The FLoPS-PA constraint enables both one-shot and gradual (prune-retrain) pipelines, robustly outperforming methods that optimize only a single budget (FLOPs or nonzeros).

4. Block-Diagonal Equivariance and the FLOPs-per-Parameter Metric

Another notable instance is in equivariant neural network architectures that enforce symmetries (e.g., horizontal mirror-flopping) while controlling computational complexity through the FLOPs-per-parameter ratio (“ $\Phi$ ”) (Bökman et al., 7 Feb 2025). For the mirror-flopping group $G \cong C_2$ , feature spaces are decomposed into irreducibles, resulting in block-diagonal structure for all linear layers.

The effect is that both FLOP count $F$ and parameter count $P$ halve, but their ratio $\Phi = F/P$ remains invariant. Empirical results on vision architectures (ResMLP, DeiT-ViT, ConvNeXt) confirm that such equivariant models achieve a 50% reduction in both FLOPs and parameters while matching or slightly exceeding standard (non-equivariant) baseline accuracy. Inference speed is boosted by 30–50% with maintained accuracy on ImageNet-1K.

This explicit FLOPs-per-parameter equivalence demonstrates how symmetry exploitation can lead to architectures with provable efficiency not just in parameter count but also in computational workload, supporting scalable, high-throughput deployment (Bökman et al., 7 Feb 2025).

5. Connections to Derived Categories and Flop-Equivalences

Within algebraic geometry, “FLoPS-PA” terminology also appears in studies of derived categories associated to flops. In Jiang–Leung's formalism, fully faithful Fourier–Mukai functors and semiorthogonal decompositions relate the derived categories of two crepant resolutions connected by a flop (Jiang et al., 2018). The “flop–flop=twist” phenomenon characterizes certain autoequivalences as spherical twists, and the perverse Schober structure reflects the categorification of the geometry of flops. Applications include blowup formulas, projectivizations, and the study of symmetry within moduli spaces of sheaves or curves, encoding deep structural properties of the derived category under flop transitions.

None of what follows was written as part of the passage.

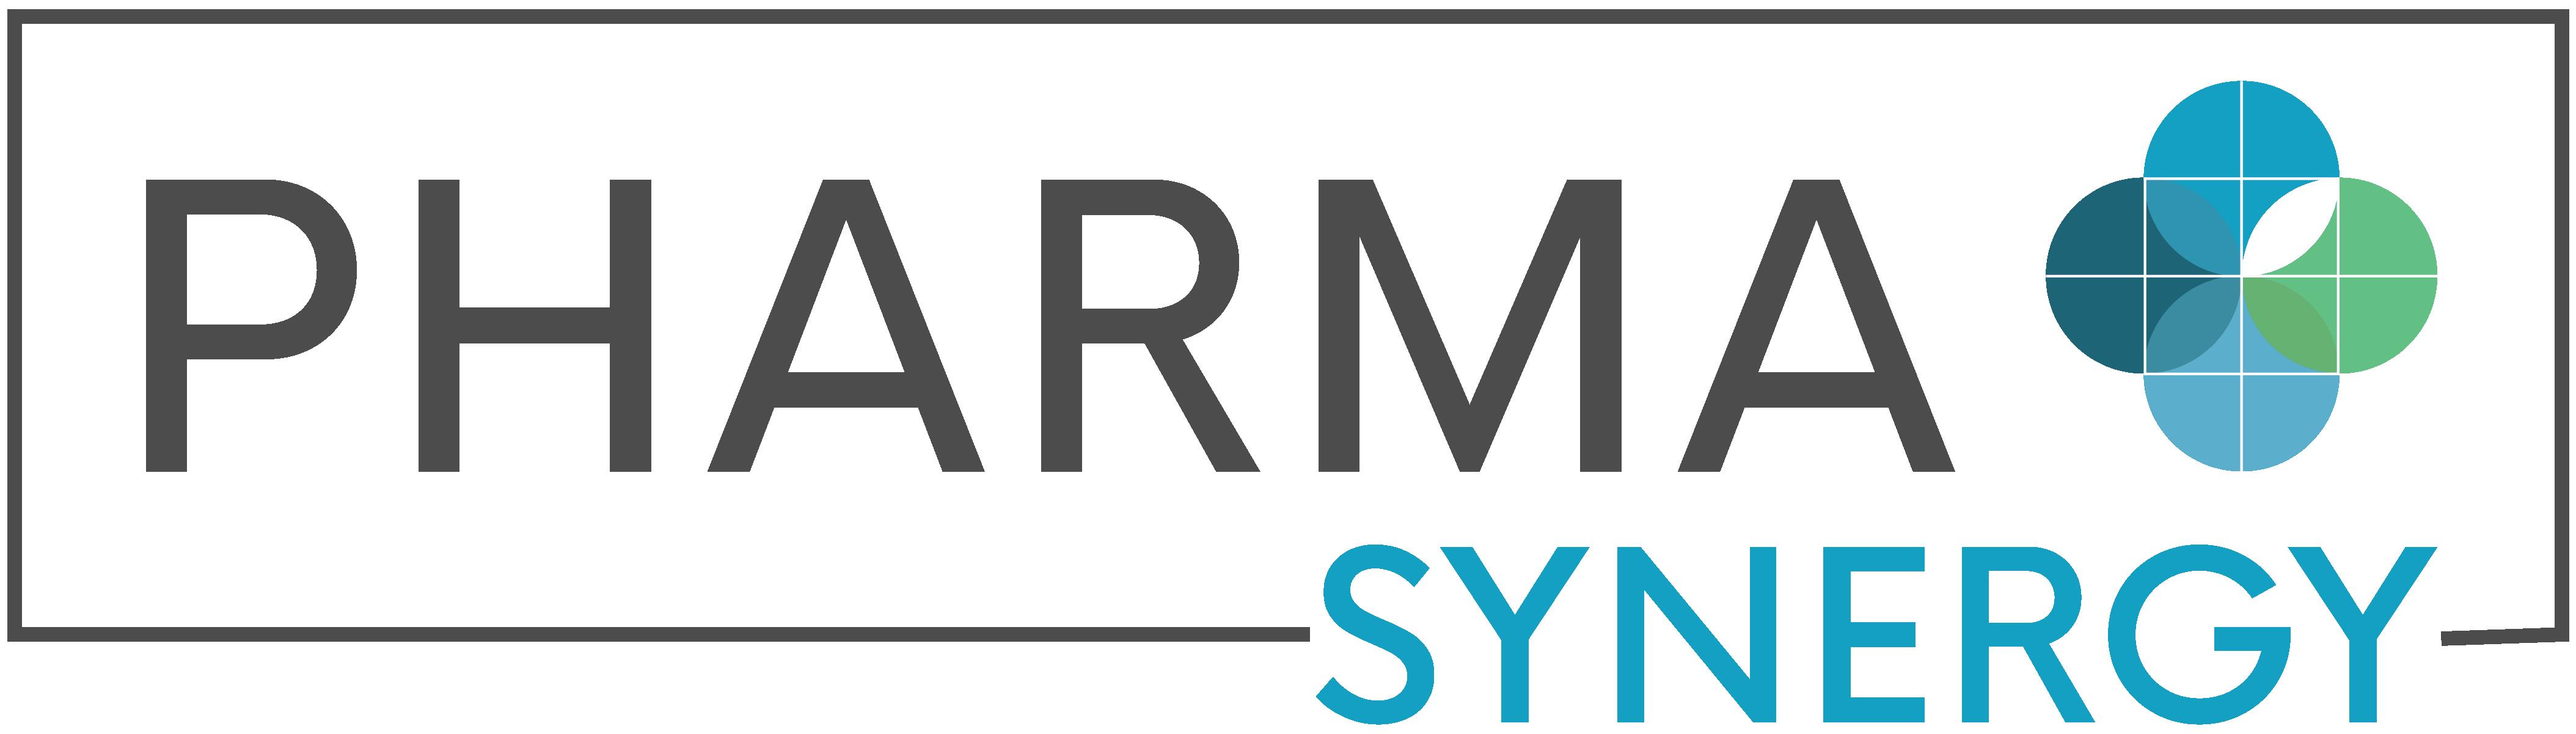 Pharma Synergy final 1-01

6. Significance and Cross-Domain Interpretations

The recurring FLoPS-PA concept reflects a rigorous, FLOP-aware approach to quantifying performance, stability, or categorical equivalence under explicit algebraic or computational constraints. Whether in metric geometry (canonical metric existence obstructions (Cheltsov et al., 2015)), algorithm selection (runtime discriminants (Sankaran et al., 2022)), network compression (joint FLOP/parameter budgets (Meng et al., 2024)), or symmetry-aware neural network design (block-diagonal invariance (Bökman et al., 7 Feb 2025)), FLoPS-PA encodes a shift to fully quantitative, tractable, and often explicitly computable methodologies across fields.

A plausible implication is that, as system complexity increases, explicitly FLOP-aware frameworks—augmented by statistical validation, mixed-integer optimization, and symmetry-based reductions—will become increasingly necessary for both theoretical tractability and practical deployment in scientific and machine learning applications.